6. Expenses. During the term of this Agreement, the Sub-Adviser will pay all
expenses incurred by it in connection with its activities under this Agreement
other than the cost of securities (including brokerage commissions, if any)
purchased for the Fund and the cost of obtaining market quotations of portfolio
securities held by the Fund.
7. Compensation. For the services provided and the expenses assumed pursuant to
this Agreement, effective as of the date of this Agreement, the Investment
Adviser will pay the Sub-Adviser and the Sub-Adviser will accept as full
compensation therefor a fee, computed daily and paid monthly, at an annual rate
of .375% of the portion of the Portfolio's average daily net assets allocated to
such Sub-Adviser. The Sub-Adviser may from time to time and at its discretion
voluntarily waive all or a portion of its sub-advisory fees in order to assist
the Fund in maintaining a competitive expense ratio.

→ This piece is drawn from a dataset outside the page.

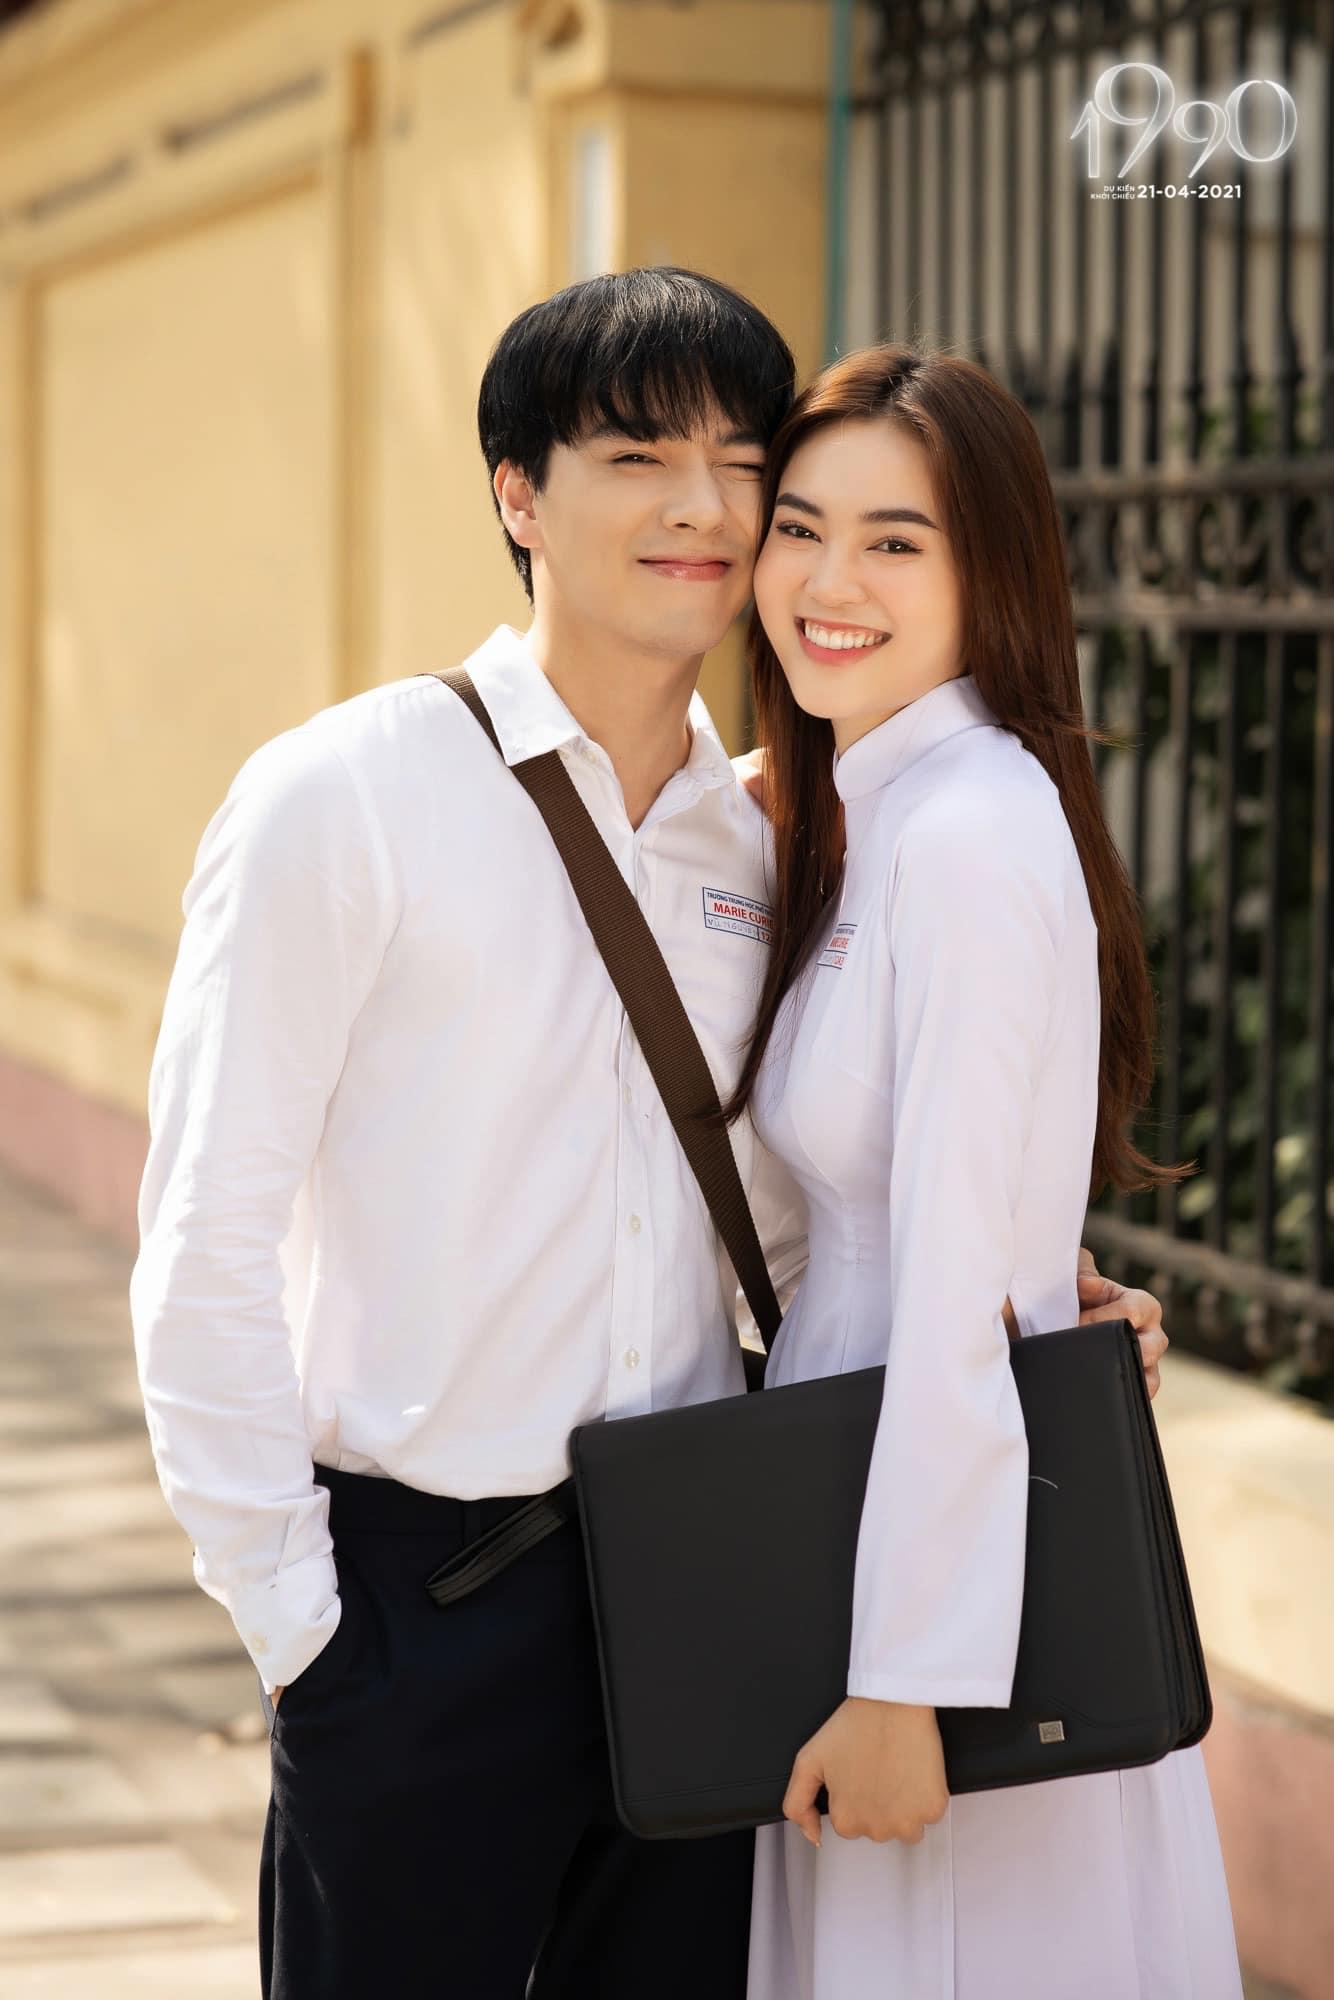 Nhiều người phát hiện gương mặt này cũng là bạn trai của Ninh Dương Lan Ngọc trong phim điện ảnh 1990, được công bố cách đó không lâu.

8. Limitation of Liability. The Sub-Adviser shall not be liable for any error of
judgment or mistake of law or for any loss suffered by the Fund in connection
with the performance of this Agreement, except a loss resulting from a breach of
fiduciary duty with respect to the receipt of compensation for services or a
loss resulting from willful misfeasance, bad faith, or gross negligence on the
part of the Sub-Adviser in the performance of its duties or from reckless
disregard by it of its obligations and duties under this Agreement.
9. Duration and Termination. This Agreement will become effective as of the date
first above written, provided that it shall have been approved by the Fund's
shareholders in accordance with the requirements under the 1940 Act, and, unless
sooner terminated as provided herein, shall continue in effect until July 1,
1999. Thereafter, if not terminated, this Agreement shall continue in effect for
successive periods of twelve months, each ending on July 1 each year, provided
such continuance is specifically approved at least annually (a) by the vote of a
majority of those members of the Fund's Board of Directors who are not parties
to this Agreement or interested persons of any party to this Agreement, cast in
person at a meeting called for the purpose of voting on such approval, and (b)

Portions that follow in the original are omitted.